The project contained a total of 12 songs. Along with the title track, a series of cover recordings were included on the album. Among them were A. P. Carter's "Homestead on the Farm" and the traditional folk song, "Worried Man Blues". Other covers included George Hamilton IV's "Abilene". Hamilton's original version topped the American country chart earlier in 1963. The album also featured a cover of Billy Grammer's 1958 top-five country single, "Gotta Travel On". Original material was also featured, including two songs composed by Bare himself: "Let Me Tell You About Mary" and "Jeannie's Last Kiss".

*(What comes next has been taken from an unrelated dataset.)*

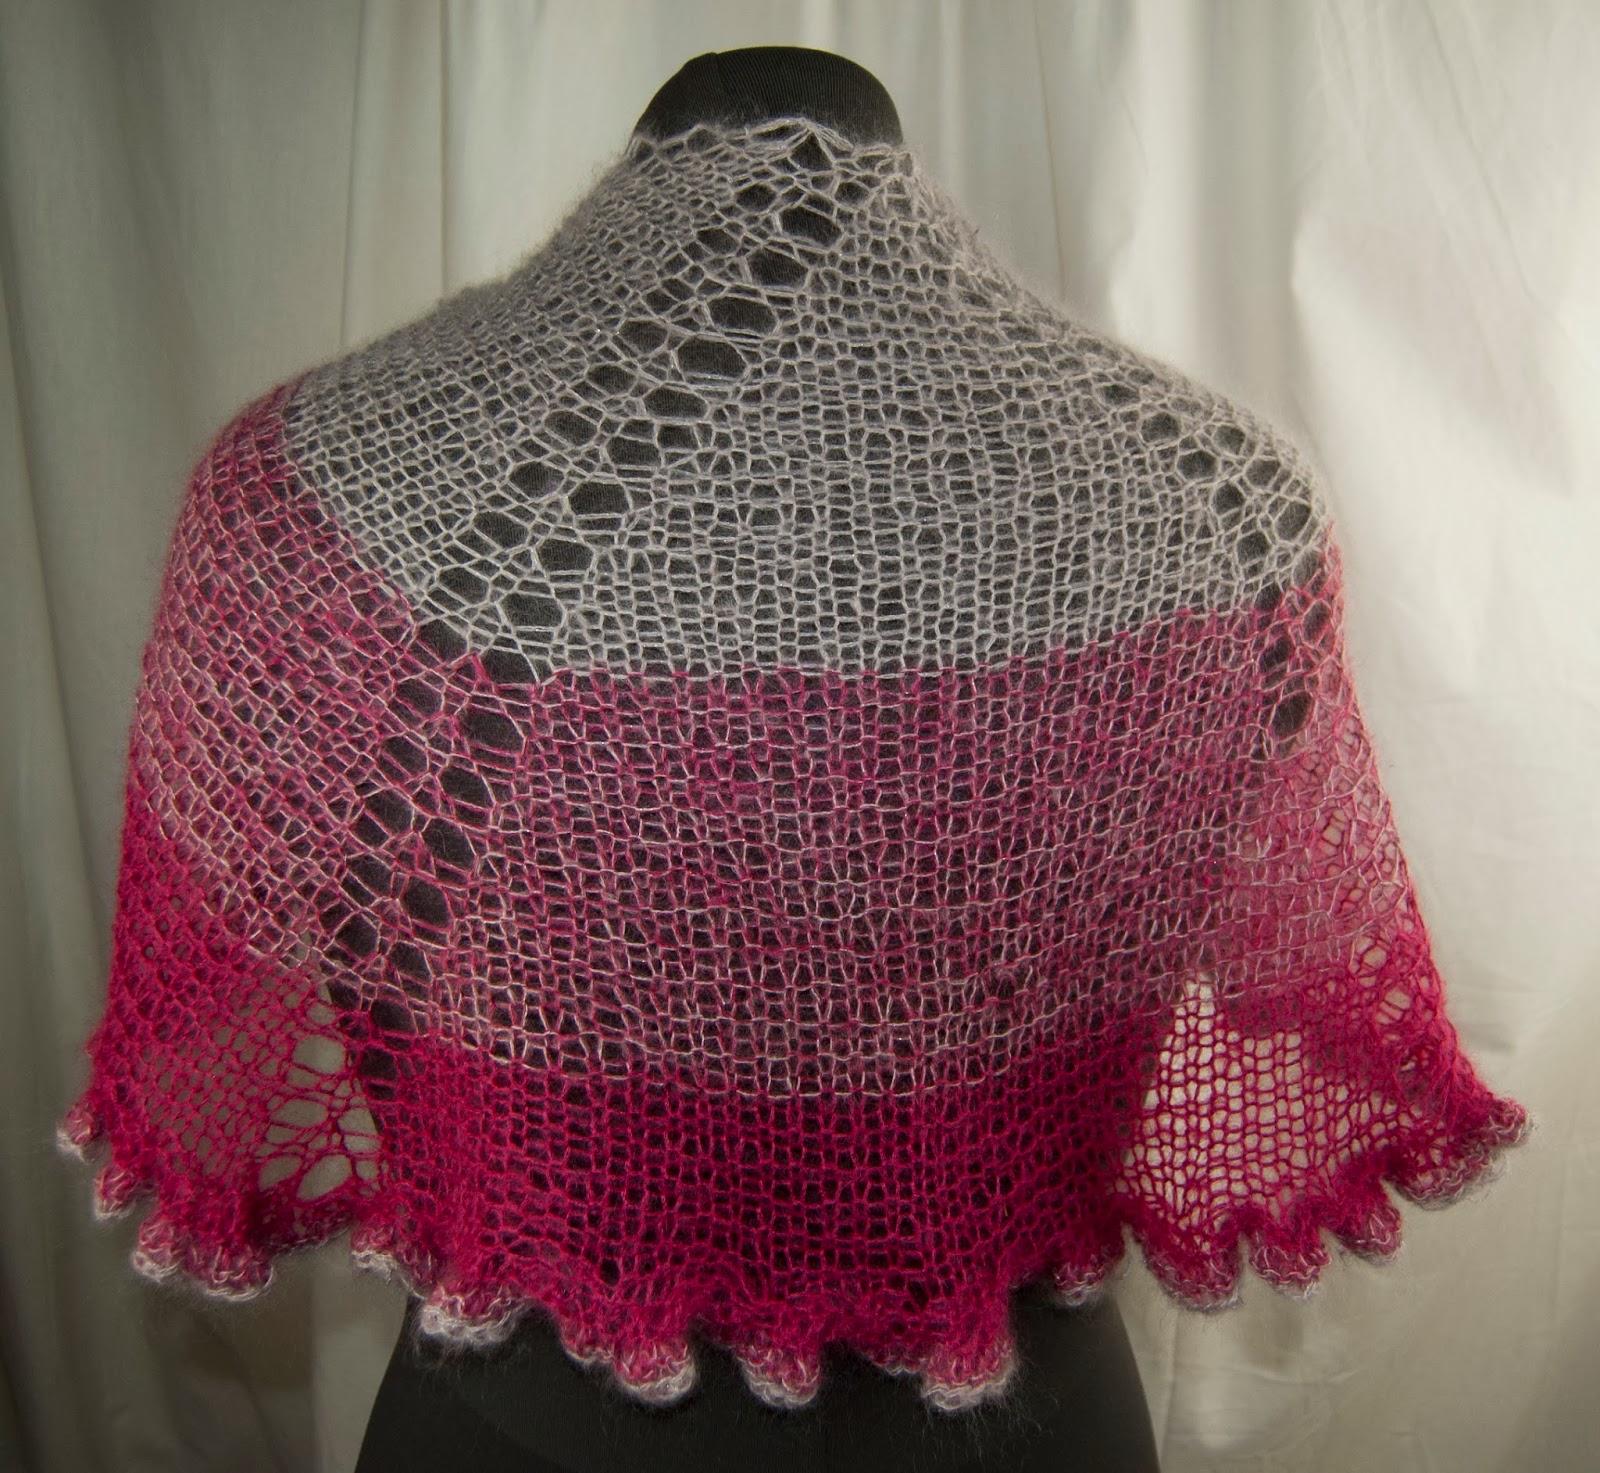 Abbreviation Kfb In Knitting : Cascade yarns gradient sparkle shawl knit in kid
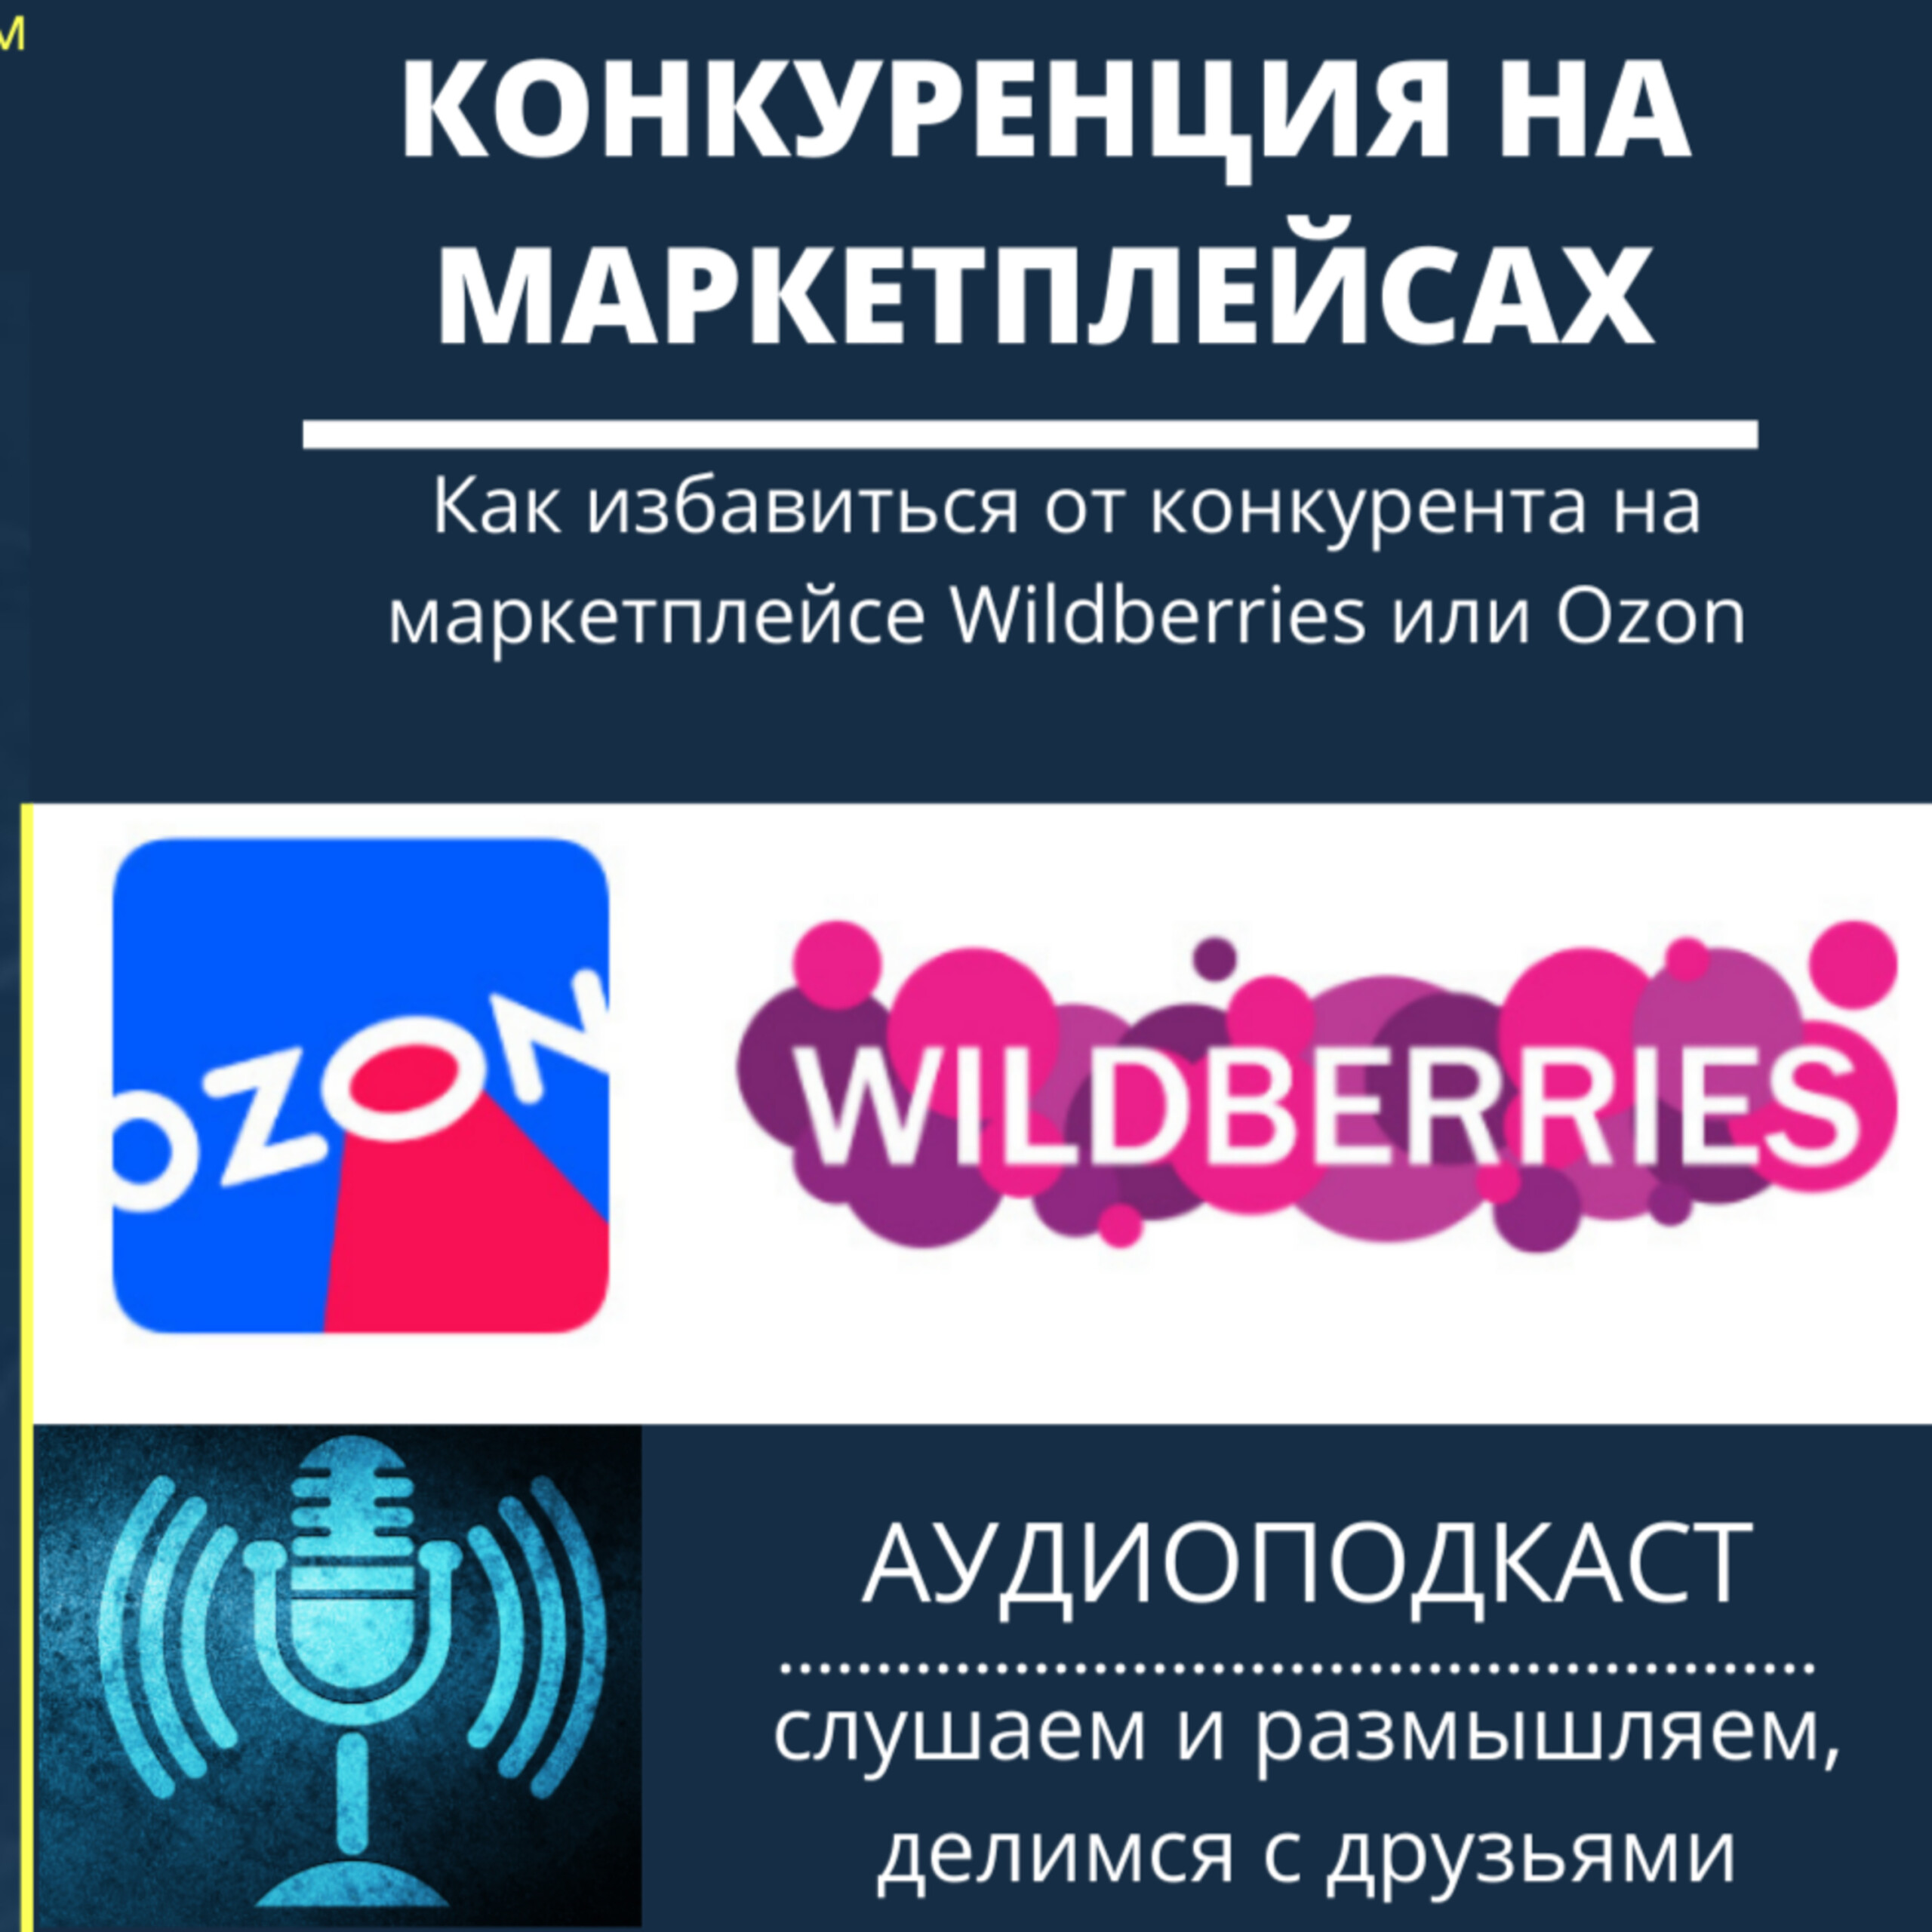 Как избавиться от конкурента на маркетплейсе Wildberries или Ozon

==Release, reception, and singles==

500 Miles Away from Home was originally released in December 1963 by RCA Victor. It was the debut studio album of Bare's career and his second with the label. RCA originally distributed the project as a vinyl LP, with six songs on each side of the record. In its original release, the album spent 9 weeks on the American Billboard Top Country Albums chart. It peaked at number 9 on the chart the week of February 28, 1964 and became his second top-10 album on the chart. It also became Bare's second album to chart the Billboard 200, peaking at number 133 on February 8, 1964.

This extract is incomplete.